- Prompt -
Starting from the line that holds "Medical UNIFORMS Contrast Size L XL", output exactly each line through the end of the listing. Do not copy pictures.

***** Recorded data

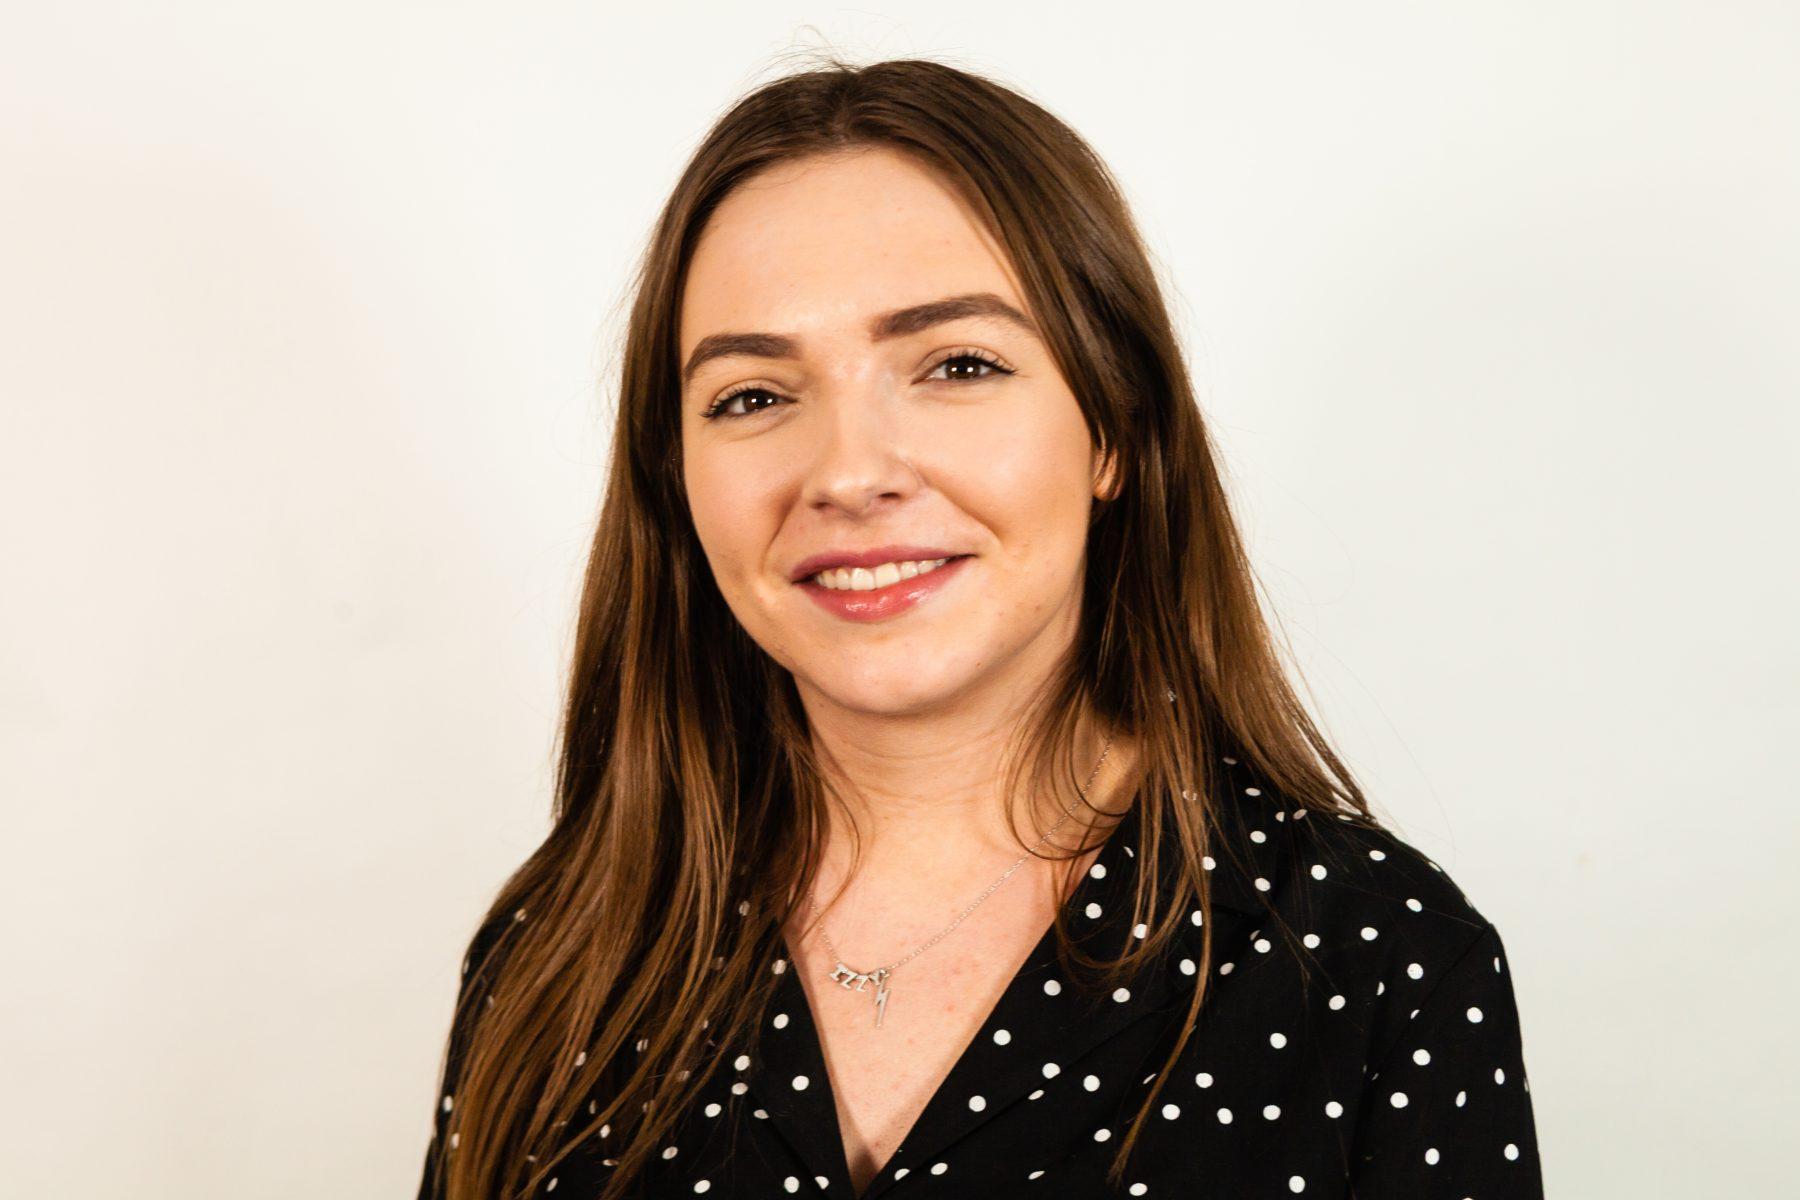 Izzy Stiven is a member of the award-winning PR team at Holyrood PR agency in Edinburgh, Scotland
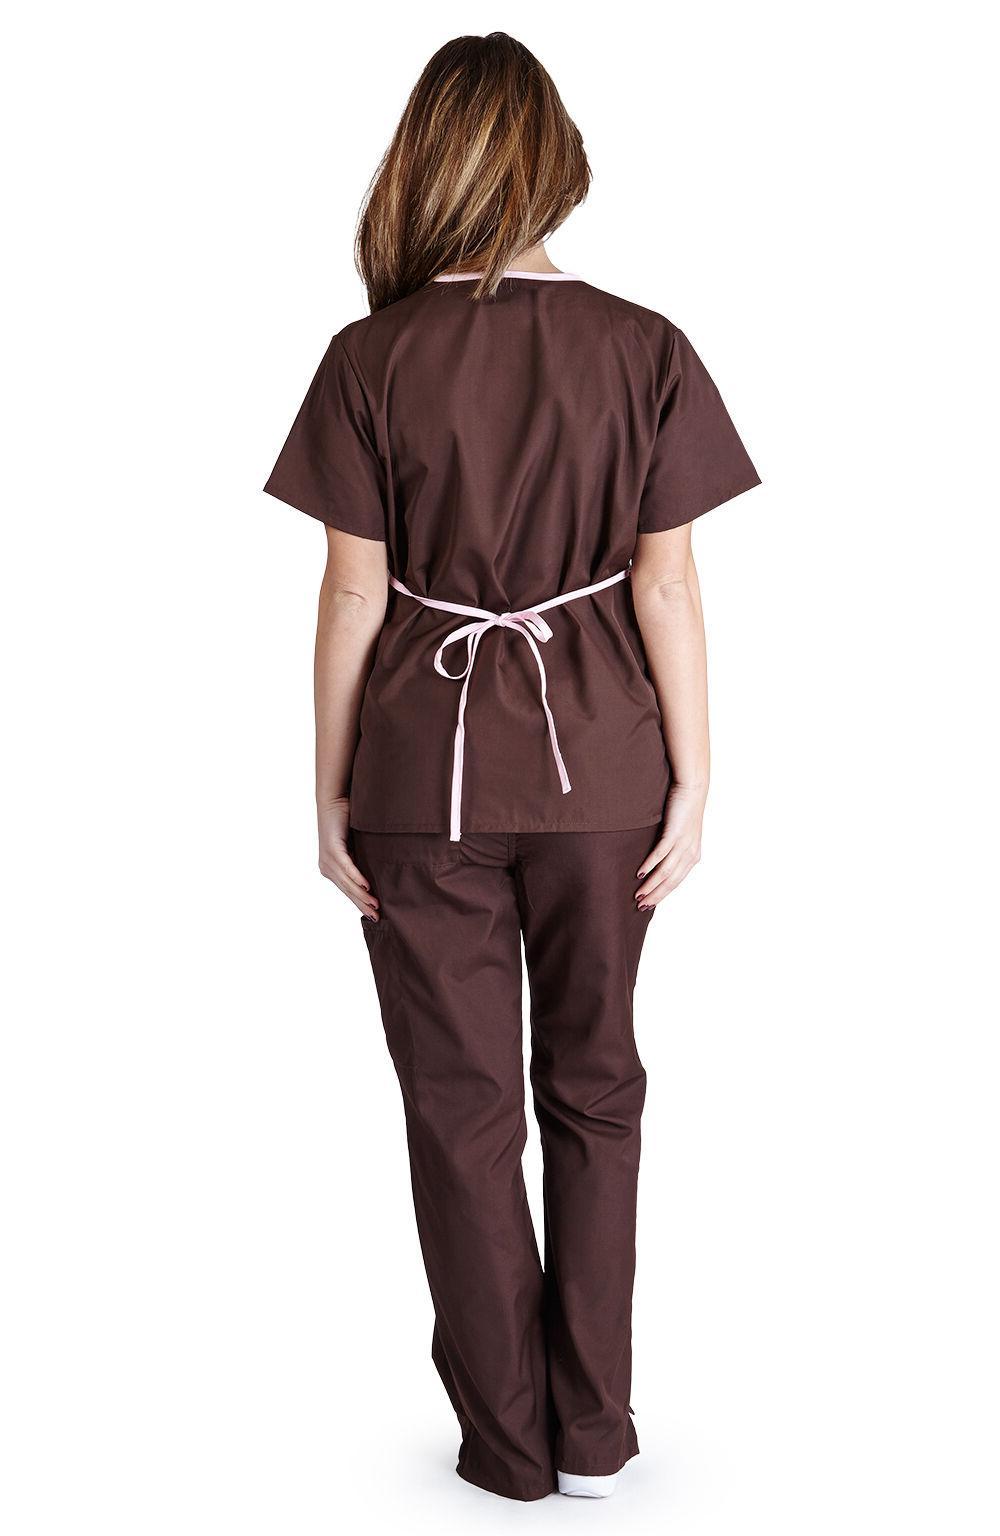 Medical UNIFORMS Contrast Size L XL
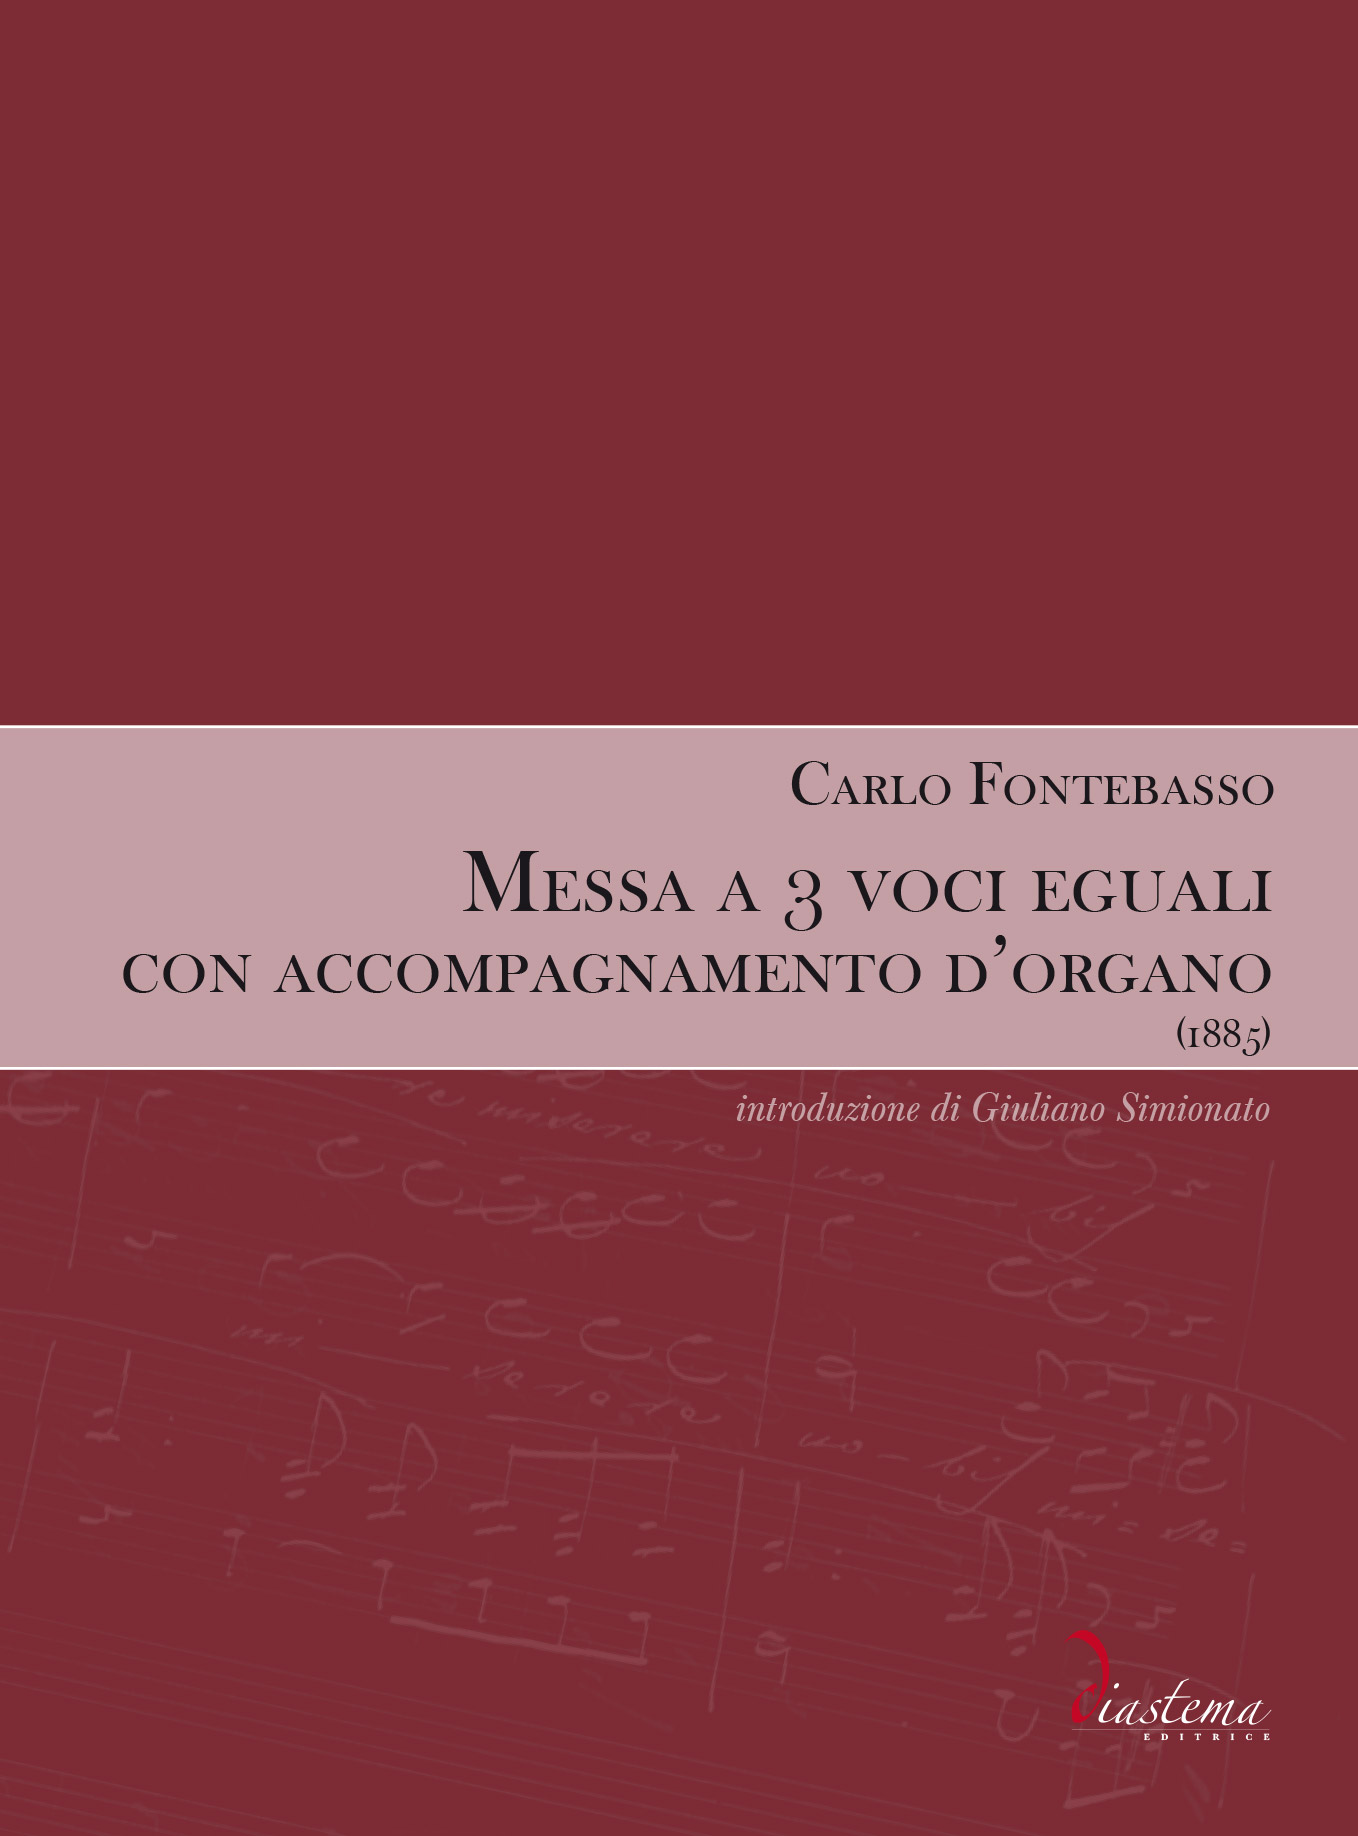 "<strong><span style=""color: #000000;"">Carlo Fontebasso<p><span style=""color: #9a2a32;""><strong>Messa a 3 voci eguali con accompagnamento d'organo (1885)</strong><br><span style=""color: #000000;"">introduzione di Giuliano Simionato</strong></p>"

**********

- Solution to this task -
 Medical UNIFORMS Contrast Size L XL
 "<strong><span style=""color: #000000;"">Carlo Fontebasso<p><span style=""color: #9a2a32;""><strong>Messa a 3 voci eguali con accompagnamento d'organo (1885)</strong><br><span style=""color: #000000;"">introduzione di Giuliano Simionato</strong></p>"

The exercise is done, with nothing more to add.